■ WHAT YOU NEED TO DO:
Return only the lines below starting at the line containing "Moise KISLING" and ending at the line containing "Sehr guter Zustand", both included, exactly as they are and with no pictures.

■ WORKING DATA:
BEGIN

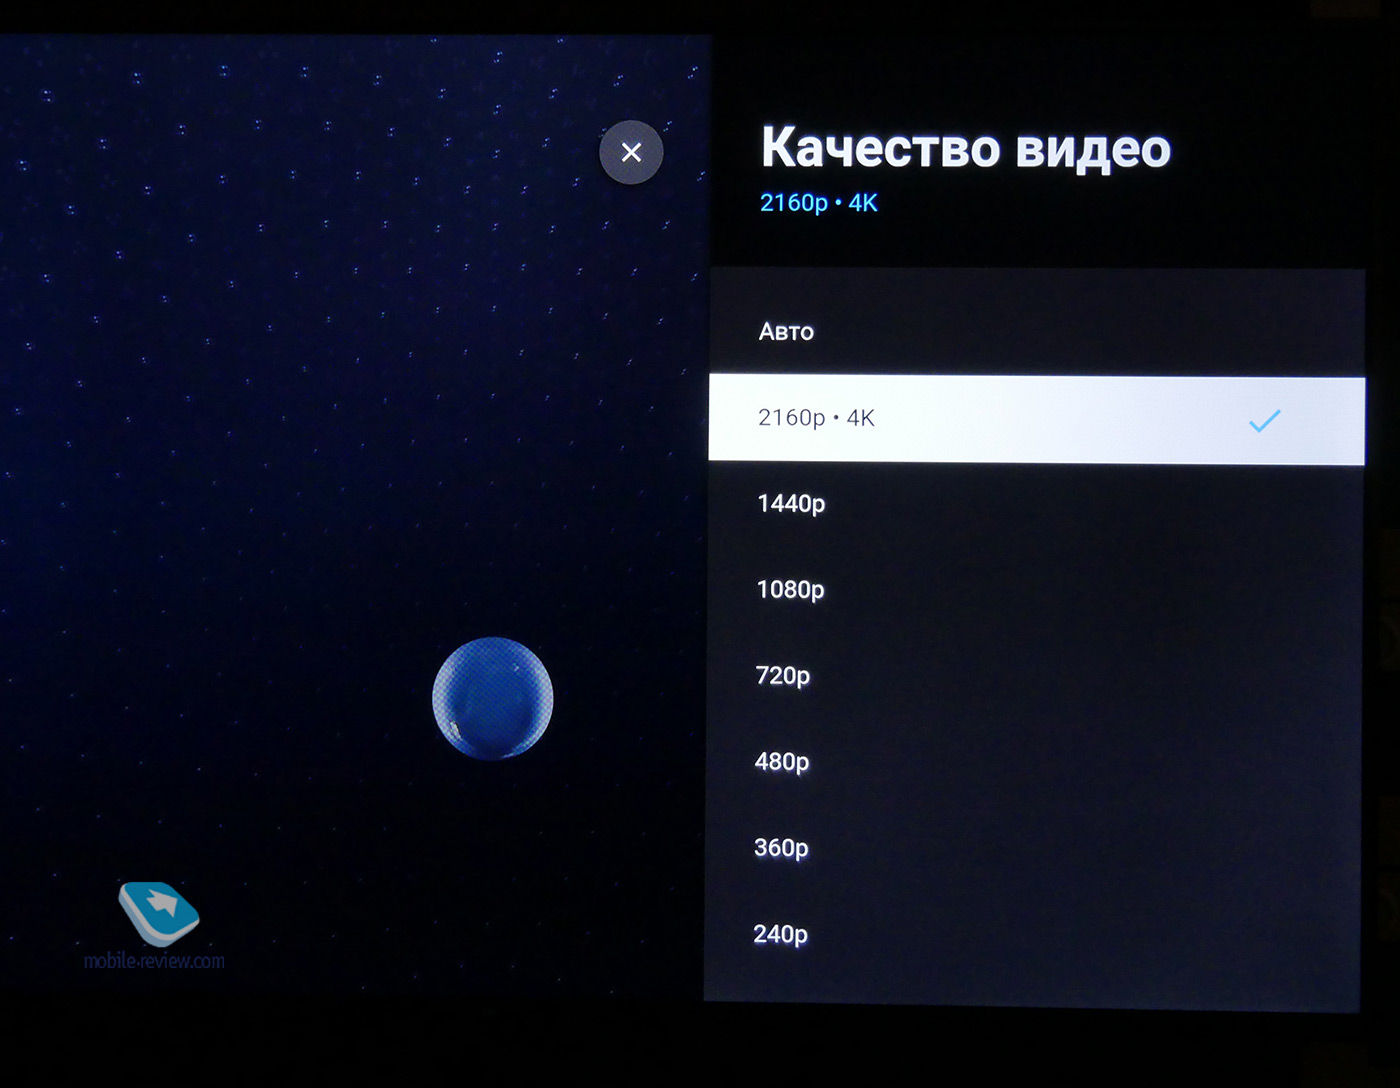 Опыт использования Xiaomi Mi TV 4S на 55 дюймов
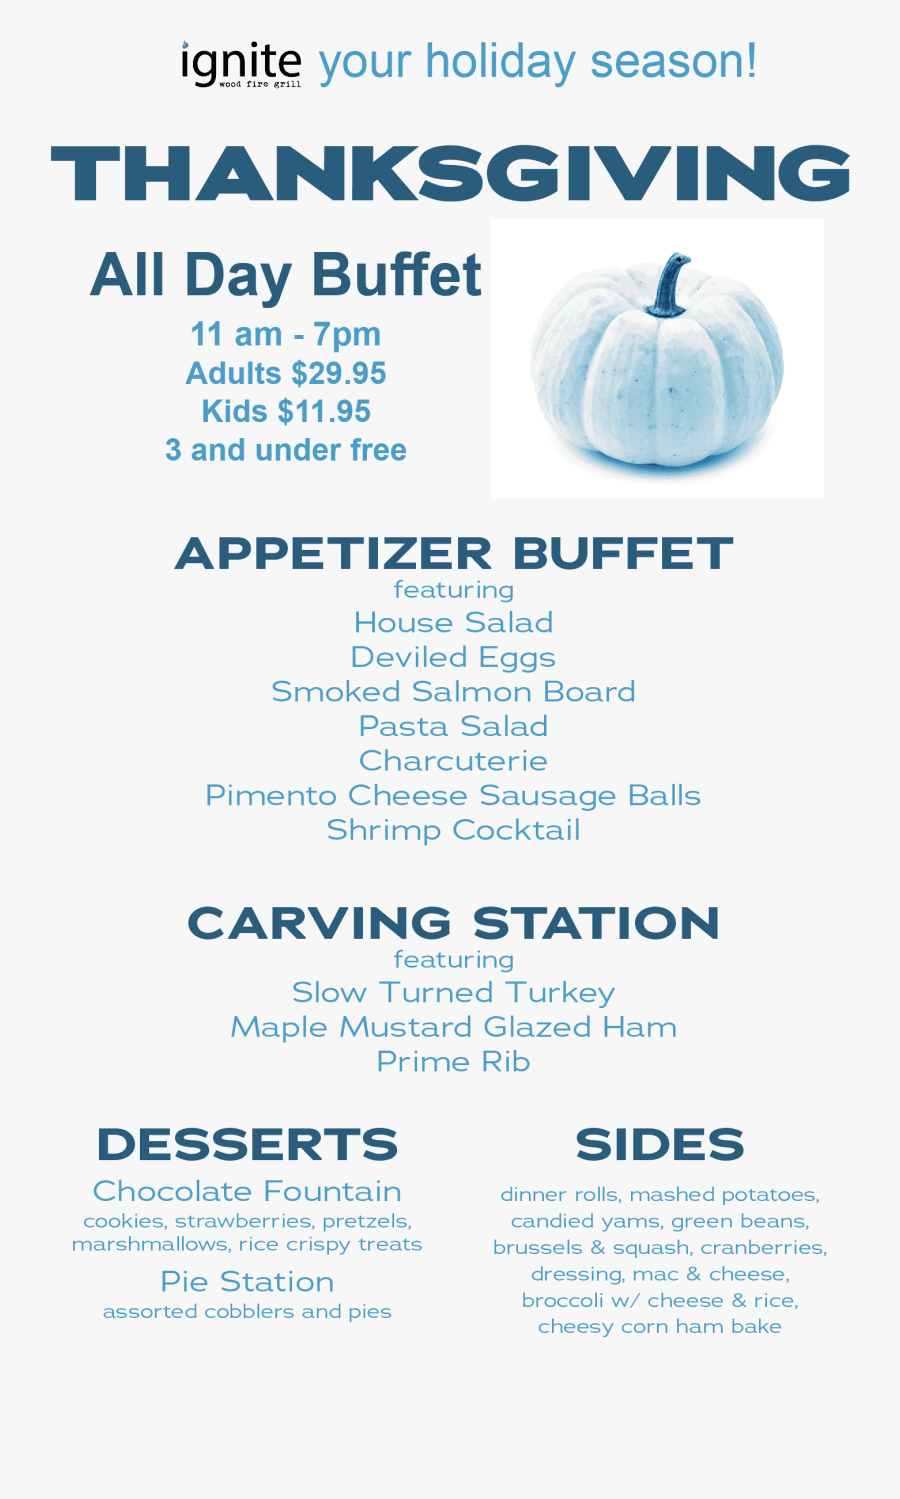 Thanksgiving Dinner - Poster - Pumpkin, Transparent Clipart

END
BEGIN

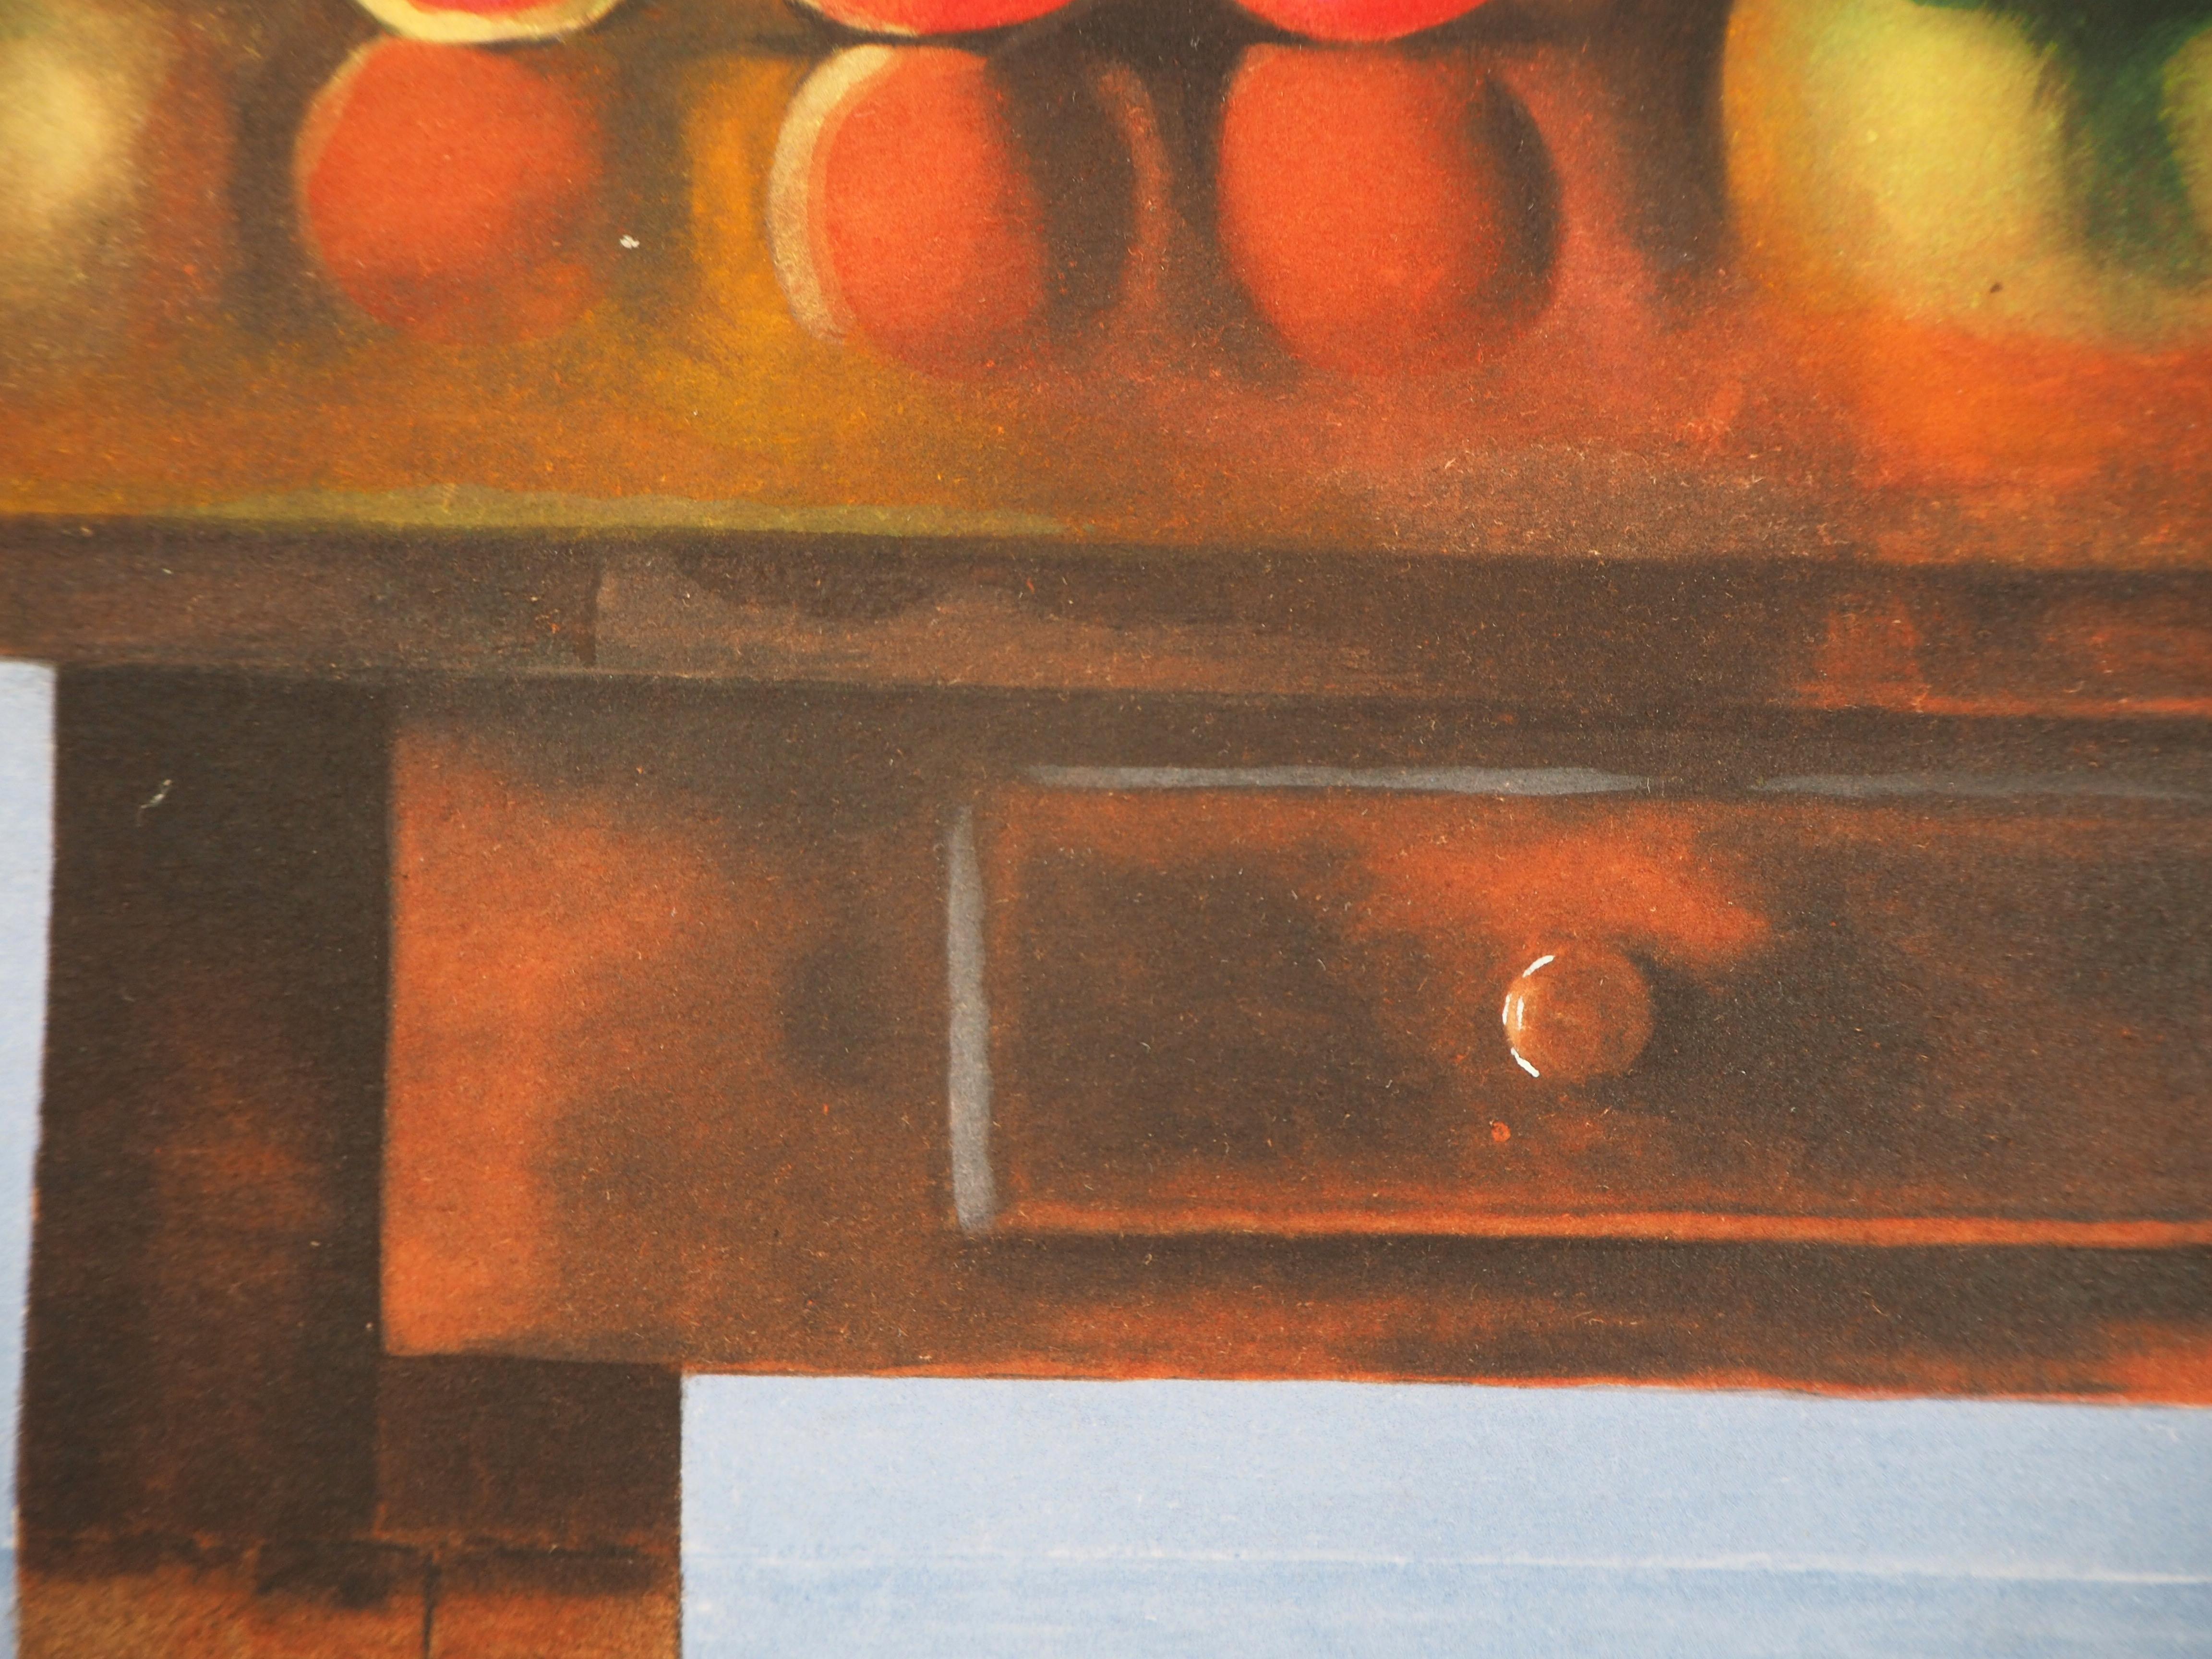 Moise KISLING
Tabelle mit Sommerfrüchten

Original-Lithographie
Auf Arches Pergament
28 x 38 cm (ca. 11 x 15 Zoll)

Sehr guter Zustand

END

■ YOUR SOLUTION:
 Moise KISLING
Tabelle mit Sommerfrüchten

Original-Lithographie
Auf Arches Pergament
28 x 38 cm (ca. 11 x 15 Zoll)

Sehr guter Zustand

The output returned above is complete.